Kedua tanganku menelungkup memprioritaskan daun telinga. Bahkan mengigil walau tanpa demam. Urat leherku berdenyut bukan karena marah atau sedih, hanya frustasi tanpa arah.
.
Seperti kura – kura yang bersembunyi di balik cangkang tahan medan…
.
.
Aku ketakutan.
.
.
Sesaat rasanya ada salah satu tanganku yang tersentuh. Sentuhan itu lama – lama terasa seperti guncangan kecil.
“Penn! Penn!” Suara lirih melengking yang familiar diiringi guncangan yang semakin kuat.
Kura – kura itu perlahan menampakkan kepalanya, aku sedikit demi sedikit melepas tanganku dan menoleh ke samping.
.
“Lady Honesty?”
Kedua mataku dibuka perlahan, tampak ruang konsultasi, lantai dan tembok beralaskan karpet tebal, namun metronome itu tampak roboh berceceran.
Badanku spontan beranjak dari sandaran, pemandangan luar pintu kaca memanggil – manggil kedua mata cukup heran. Rasa tentram saat alas paving itu ada, atau sekedar beberapa orang berjalan.
Jeruji roda yang diputar terdengar mendekat, “Aku nggak menyangka harus menghentikan itu di tengah jalan.”
Nafasku kian membaik, sesaat aku meliriknya tanpa kata – kata.
“Ini sama sekali nggak bagus, Penn,”
“Saya tahu penyakitnya makin parah dan ini nggak bisa diobati,” balasku.
“Nggak bukan itu.” Lady Honesty membuatku menoleh dan menatapnya dalam – dalam.

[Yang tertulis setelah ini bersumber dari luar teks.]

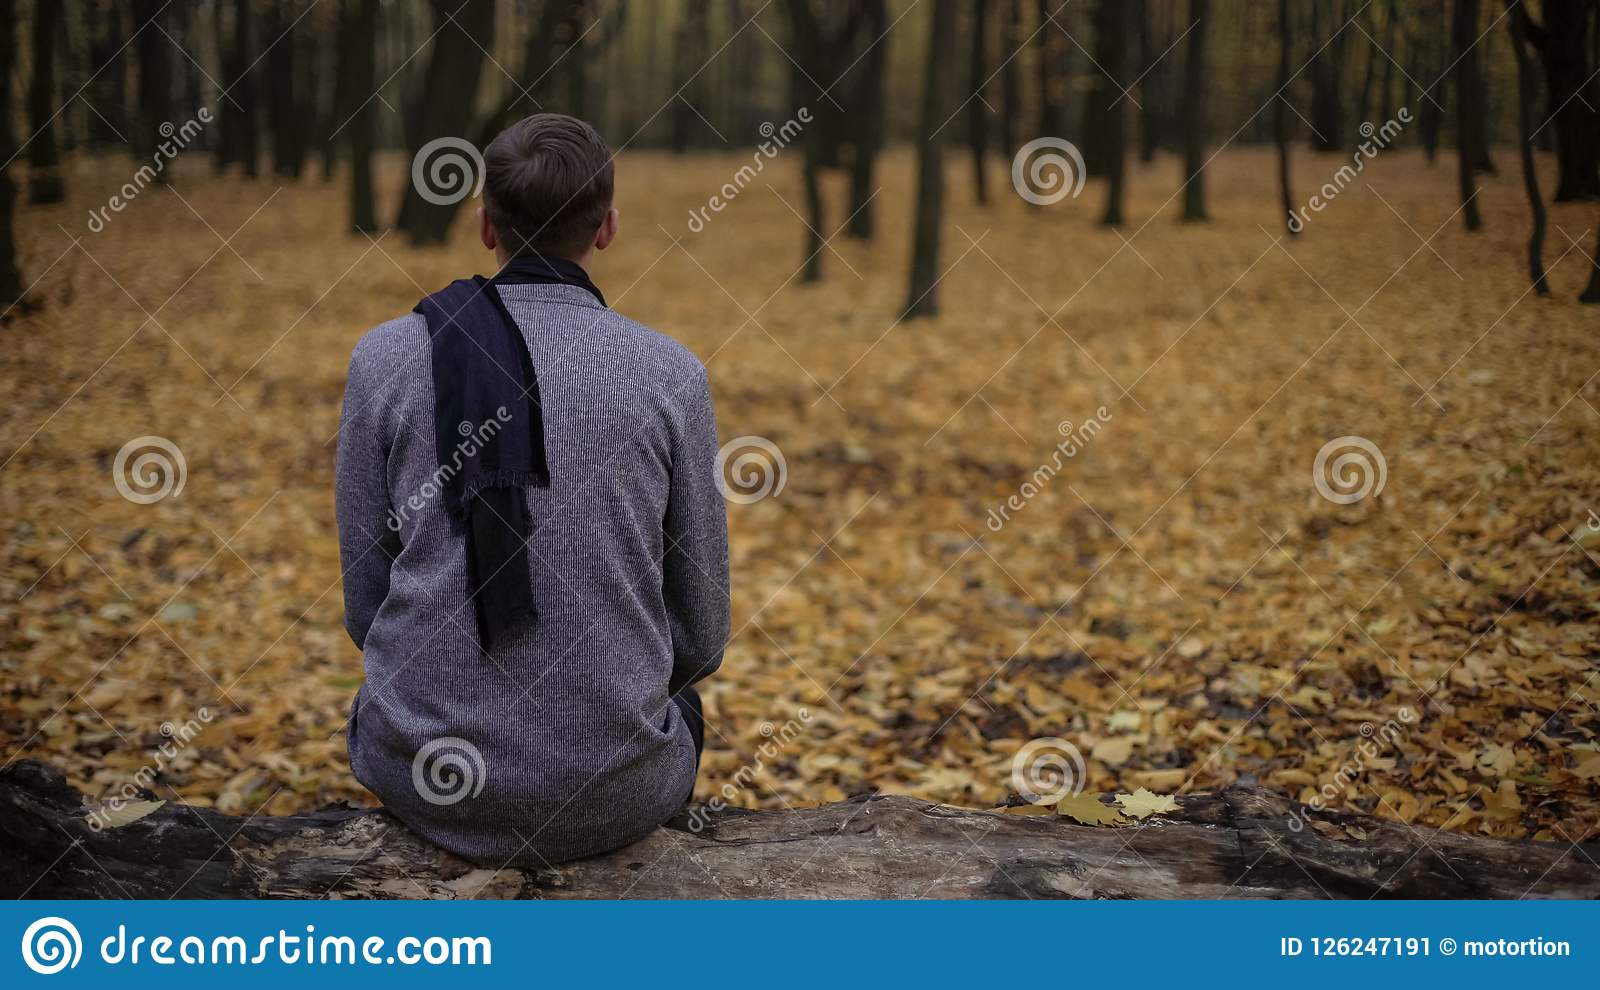 Man sitting in park alone, gray tones express depression, sadness, melancholy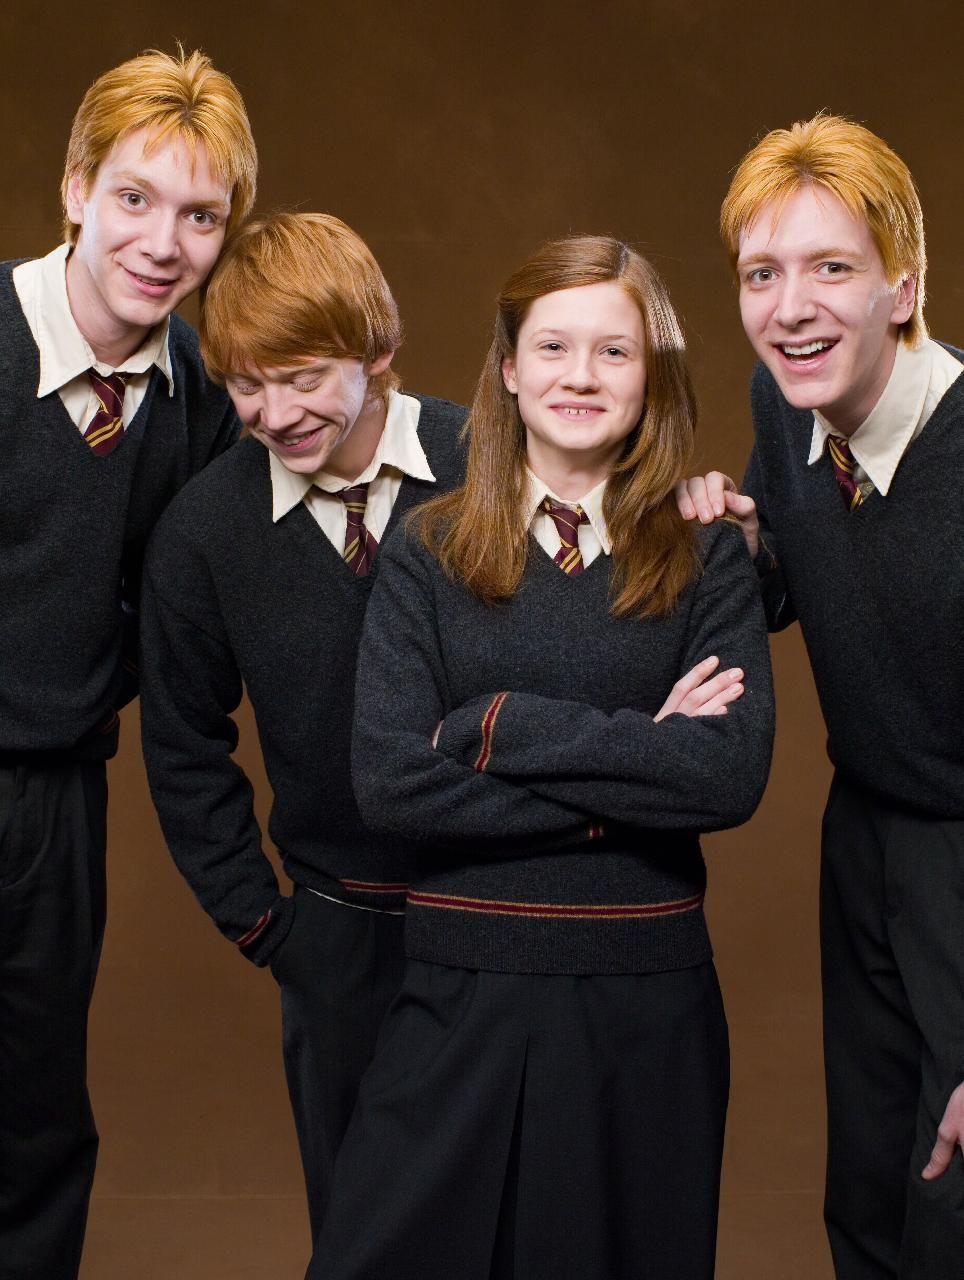 Download Weasleys Wallpaper By Mrs Lupin 8d Free On Zedge Now Browse Millions Of Popular Bonnie Wallpaper Harry Potter Cast Harry Potter Filmleri Unluler

“Terus terang, kamu ini sehat dan tidak ada yang perlu diobati.” Ia berbalik arah lalu memutar roda itu kembali duduk. Seperti biasanya, ditulisnya sebuah catatan dari buku kecil yang diambil di laci pertama dekat tempatku duduk tadi.
“Kamu hanya menciptakan peluang untuk menyalahkan dirimu sendiri walaupun secara jelas, itu bukan salahmu juga tanggung jawabmu.”
“Well, saya-“
Lady Honesty menyela seolah tak memberiku kesempatan beralasan.
“Nggak ada artinya jawaban yang berlalu, lalu untuk apa menyesal dan terus bertanya? Masa lalu dan penyesalan, seperti yatim piatu yang butuh rumah. Mereka mengetuk pintu kapanpun dengan ramah.”
Ia menyobek kertas yang ia tulis lalu menyodorkan padaku, “Masalahnya, apa kamu menerima mereka?”
Itulah kata – kata terakhir Lady Honesty padaku dengan perangai agak gelisah.